By Sherrie Flick Queen’s Ferry Press ($16.95).
The nature of the micro story form propels the reader into a scene without benefit of character development or the traditional structure of a full story arc. Ms. Flick skillfully exploits these parameters and delivers prose that has a poetic sensibility. She’s not afraid to use rhythmic phrases or repetition. She leaves things unsaid, questions unanswered — to let shadows show the substance and silences fill out the void.
From “The Remembering” she offers: “The little dog and its leash. The walk and the playground. The slide and the swings. Midnight and the moon and swinging out toward the city view.

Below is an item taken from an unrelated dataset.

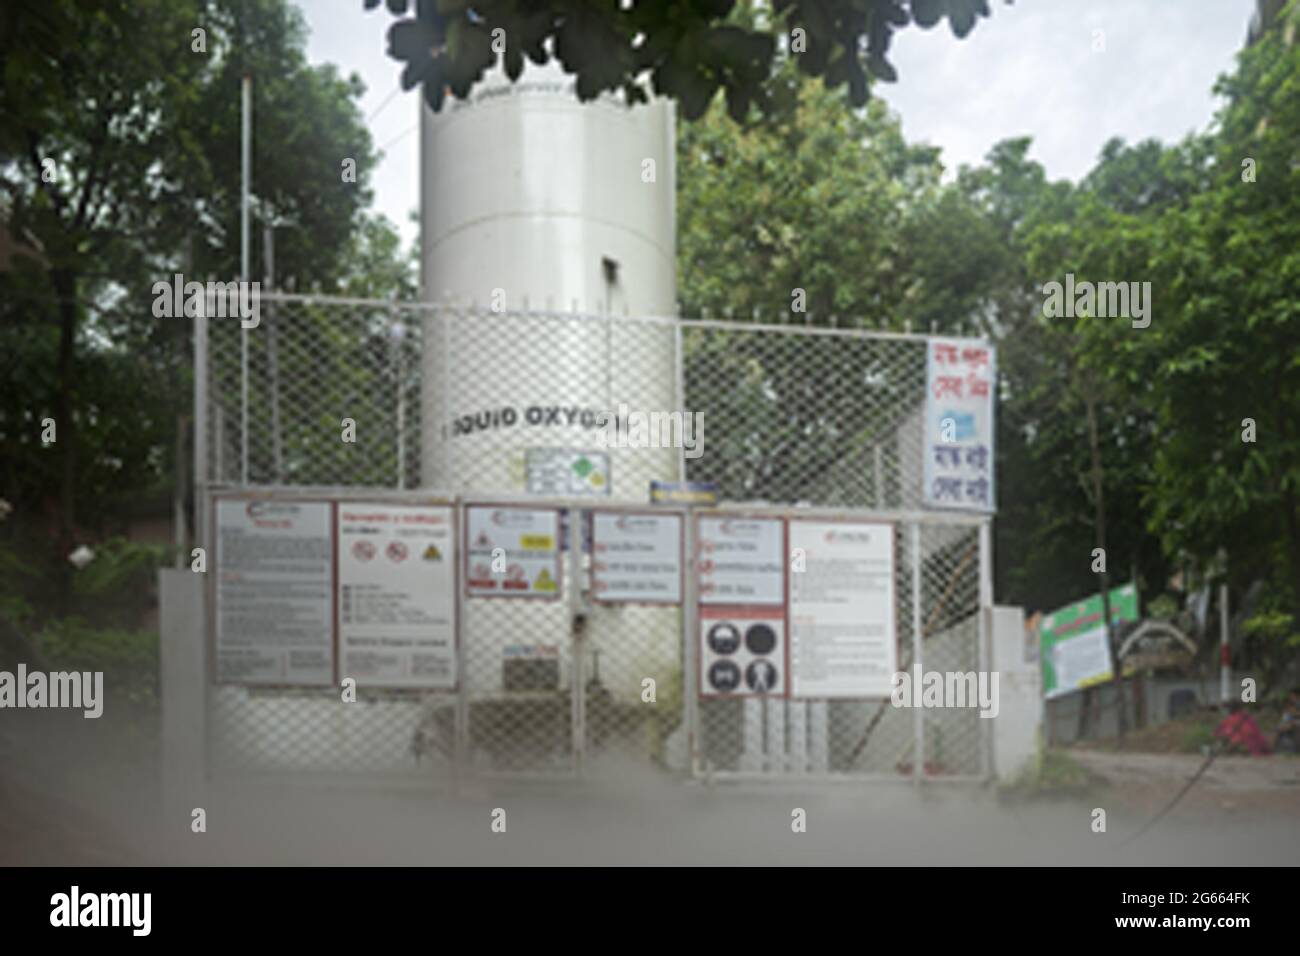 3 de julio de 2021, Chittagong, Bangladesh: El gobierno de Bangladesh instalará tanques centrales de oxígeno o evaporadores aislados por vacío (VIES) en 26 hospitales que atienden a pacientes de Covid-19 en todo el país. Tras la instalación, los VIES garantizarán un suministro ininterrumpido de oxígeno a unos 12.000 pacientes con coronavirus sin necesidad de bombonas.Bajo la supervisión del Taller Nacional de Mantenimiento de Equipos Electromédicos (NEMEMW), LINDE Bangladesh y Spectra International Ltd instalarán los VIES en 13 hospitales cada uno, con un costo de CT. 45.590.000. (Imagen de crédito: © Subrata Dey/ZUM Foto de stock

We don’t talk about what happened on the swings.”
In “The World, Floating” the thoughts of one lover in conflict with another: “If you sit long enough, you can wait out just about anything. I’ve learned this trick. It’s the closest thing to magic I know. Silence. A magic wand in reverse. Take back, take back, take back. And then you’re sitting alone, like you’ve wanted to be in the first place, and little flakes of snow flitter down outside the window.” The reader is drawn in by the lyrical phrasing and concrete details.
Ahh, the details! Among the sweets and savories in these 57 stories we get sex and cigarettes, flannel and velvet, radios and pinball machines, Mason jars and yoga mats, canoes and wildflowers, porches and butternut squash, Nirvana and Hank Williams, bacon and eggs, coffee and Manhattans, dreamscapes, lakes, bars, a longing dog and a sauntering possum.

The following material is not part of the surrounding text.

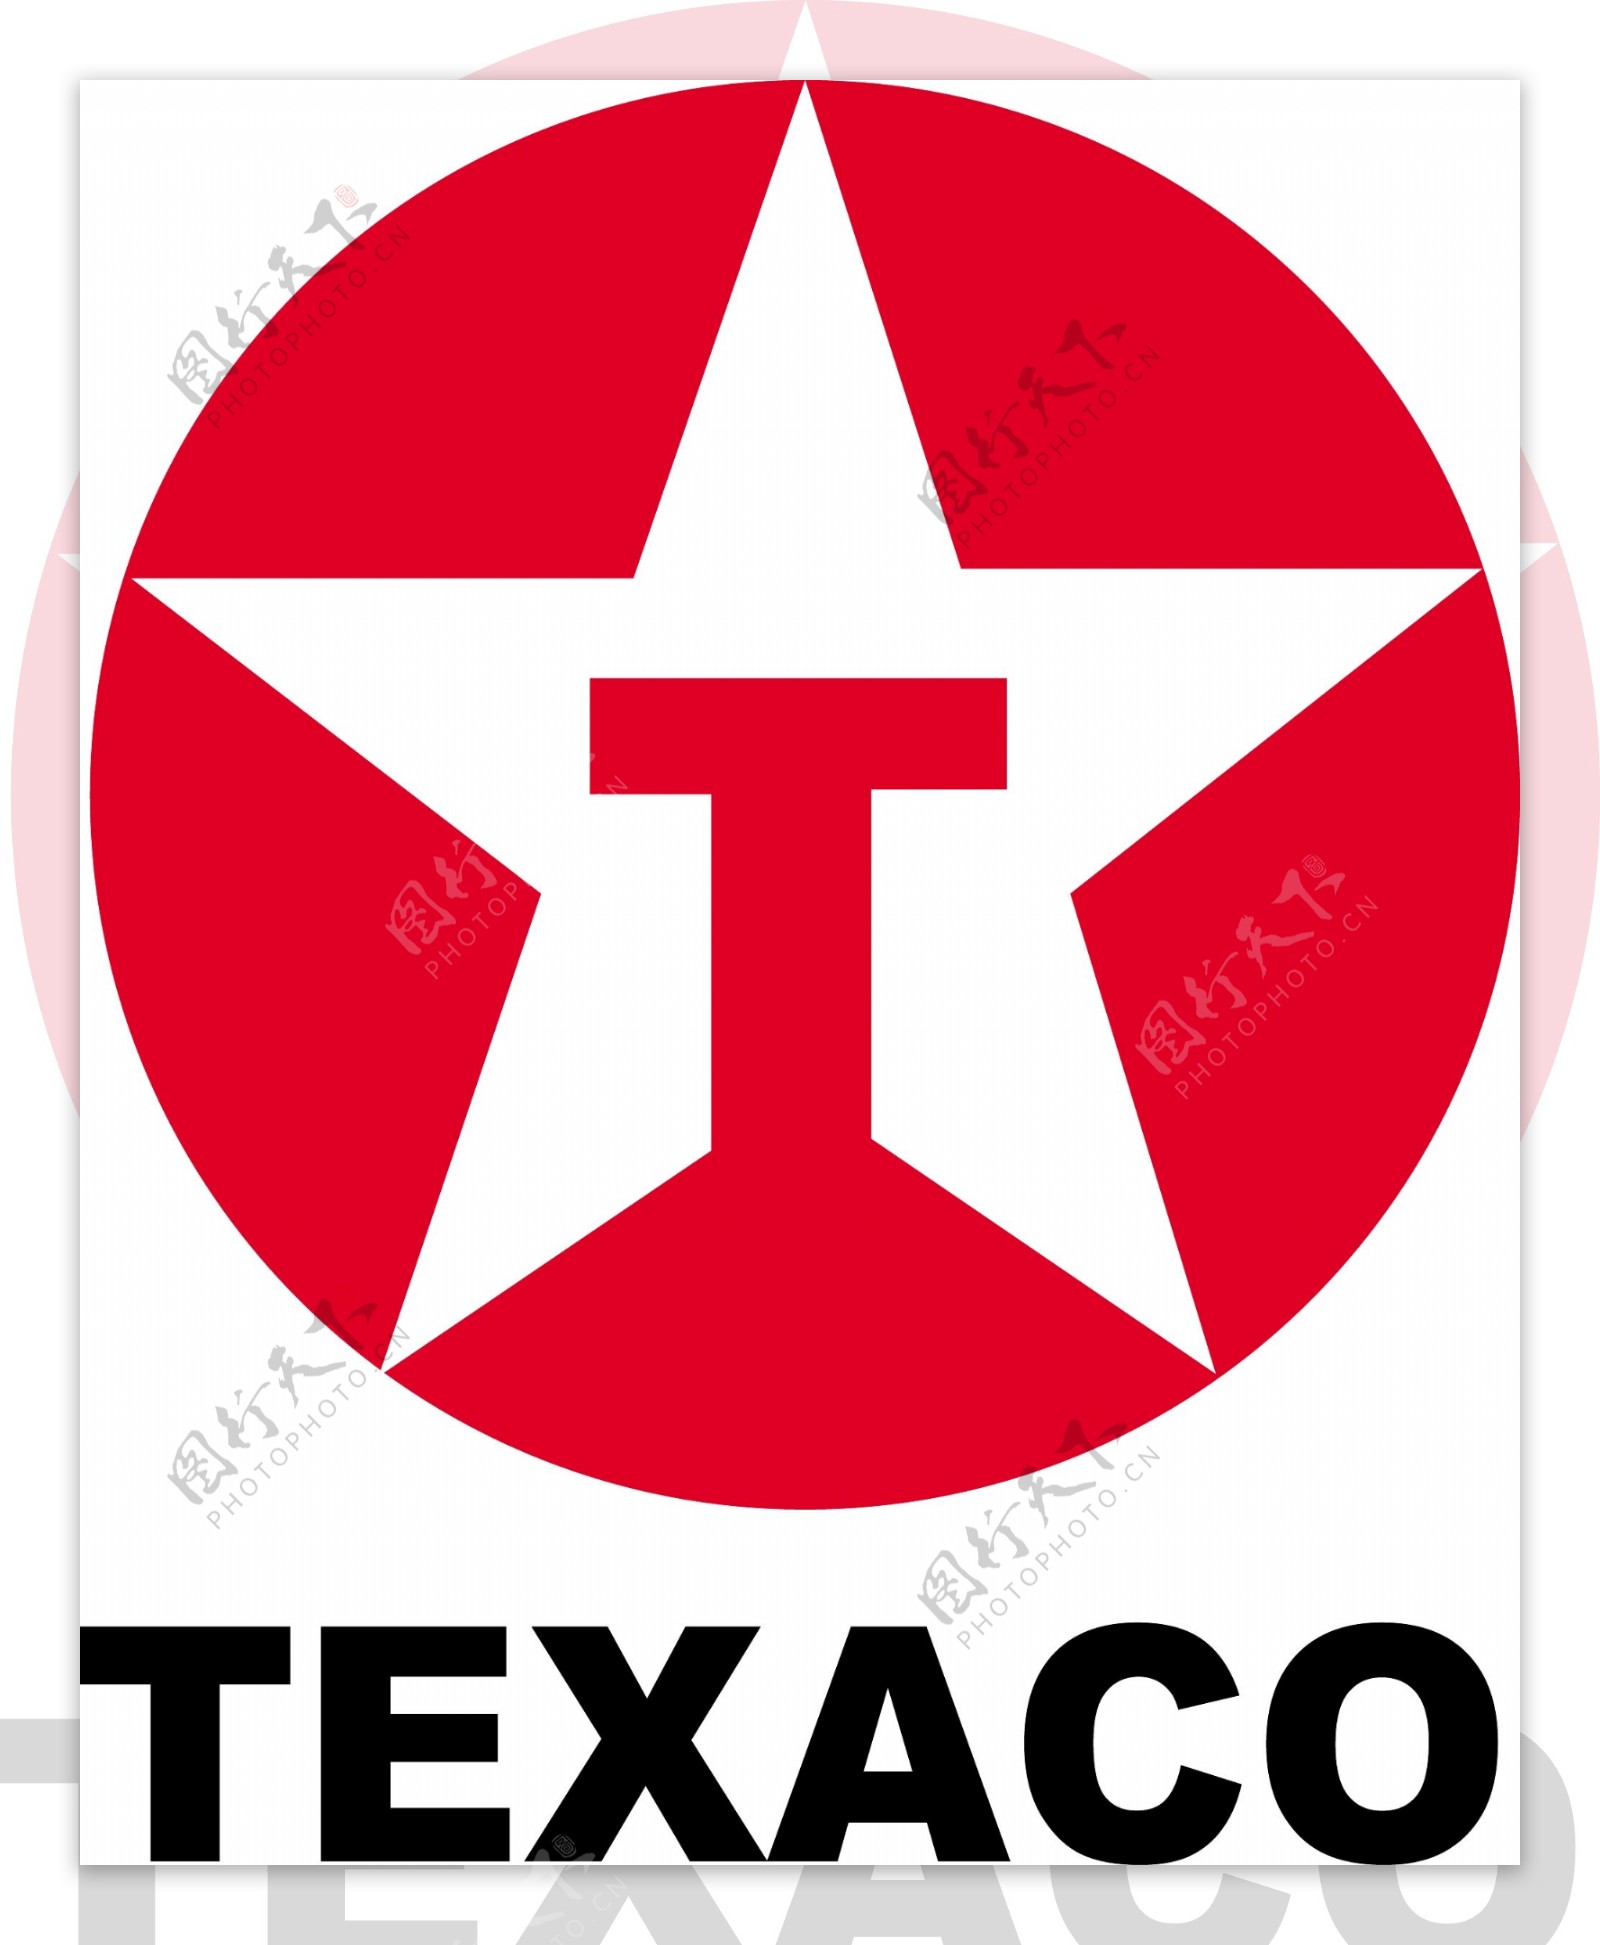 TEXACo石油标志图片

There are wandering women with “hearts too broke to break;” men and women who don’t want to be alone, at least for the night; sadder, but wiser girls; women in committed relationships gone flat like three day old, open beer. There are morsels of humor, too. In “Slow Fire Pistol,” Jody enters her new yoga class and observes, “Everyone looked out of shape but happy, even the instructor, Mrs. Whitefield, looked more like she’d bring a Jell-O salad than couscous to a potluck. I relaxed.”
From “Heidi Is Dead” the protagonist Jessica paints this portrait of her husband’s first wife, Katie: “To this day, she uses hairspray and thinks eating wings at the local sports bar is the hottest thing going.” Ms. Flick puts before the reader a buffet of humanity.
There is a haze of unapologetic longing in these tales. There are women sandwiched between their distant teen children and their dying parents. People trying to remember; people wanting to forget. “Whiskey, Etc.” encompasses the ordinary days and the difficult times and infuses them with wit and a sense of the sacred. From “Family Dinner” — “I make the tart, and it looks luscious, nearly velvety and so close to lust I think I might French kiss it.” You’ll be tempted to kiss this scrumptious book, too.
P.S. Hogan is a writer and artist living in Wilkinsburg.